I like this solution from the video but I wonder if it should go in the "..." menu. I'll play with it more tomorrow and have a think.
Another quick thought. I wonder if there's a hybrid solution where each message renders its own wkwebview for the content (but not the buttons etc). You wouldn't be able to select across messages, but you wouldn't have to toggle on/off to achieve message within the selection and you'd get the richer markdown features you mention.
Another quick thought. I wonder if there's a hybrid solution where each message renders its own wkwebview for the content (but not the buttons etc).
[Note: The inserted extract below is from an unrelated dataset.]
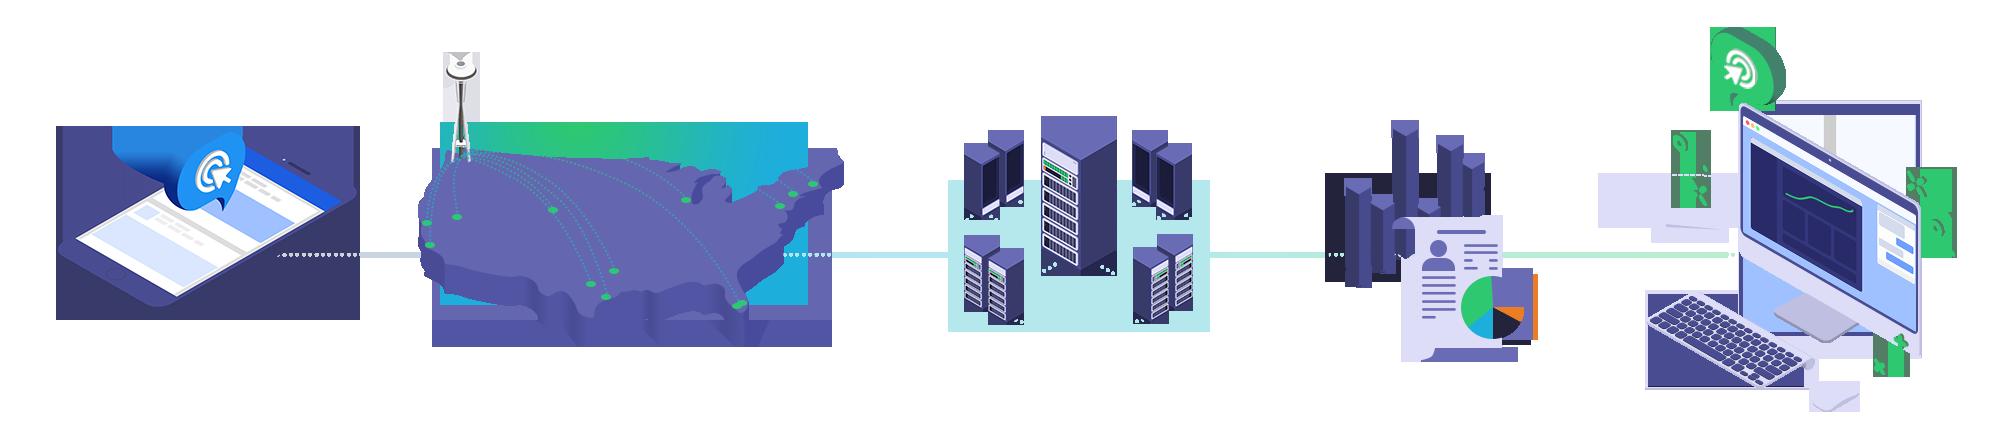 Gratafy Data Storage

You wouldn't be able to select across messages, but you wouldn't have to toggle on/off to achieve message within the selection and you'd get the richer markdown features you mention.
I tried this and faced hurdles:
- Flashes of unstyled content as view dimensions had to be calculated by the webview
- Resource constraints - rendering more than a few messages each with in its own WKWebView instance started throwing me these errors:
0x1280b3960 - ProcessAssertion::acquireSync Failed to acquire RBS assertion 'WebProcess NearSuspended Assertion' for process with PID=76447, error: Error Domain=RBSAssertionErrorDomain Code=2 "Specified target process does not exist" UserInfo={NSLocalizedFailureReason=Specified target process does not exist}
Error acquiring assertion: <Error Domain=RBSAssertionErrorDomain Code=2 "Specified target process does not exist" UserInfo={NSLocalizedFailureReason=Specified target process does not exist}>
0x1280b39c0 - ProcessAssertion::acquireSync Failed to acquire RBS assertion 'XPCConnectionTerminationWatchdog' for process with PID=76446, error: Error Domain=RBSAssertionErrorDomain Code=2 "Specified target process does not exist" UserInfo={NSLocalizedFailureReason=Specified target process does not exist}
....
These errors suggest that the processes for the WKWebViews were terminated or went missing because the system couldn't allocate the needed resources. No idea if this is workable, from what I've read WKWebViews are pretty resource intensive.
You can try a functional version of the hybrid approach you mention on this commit.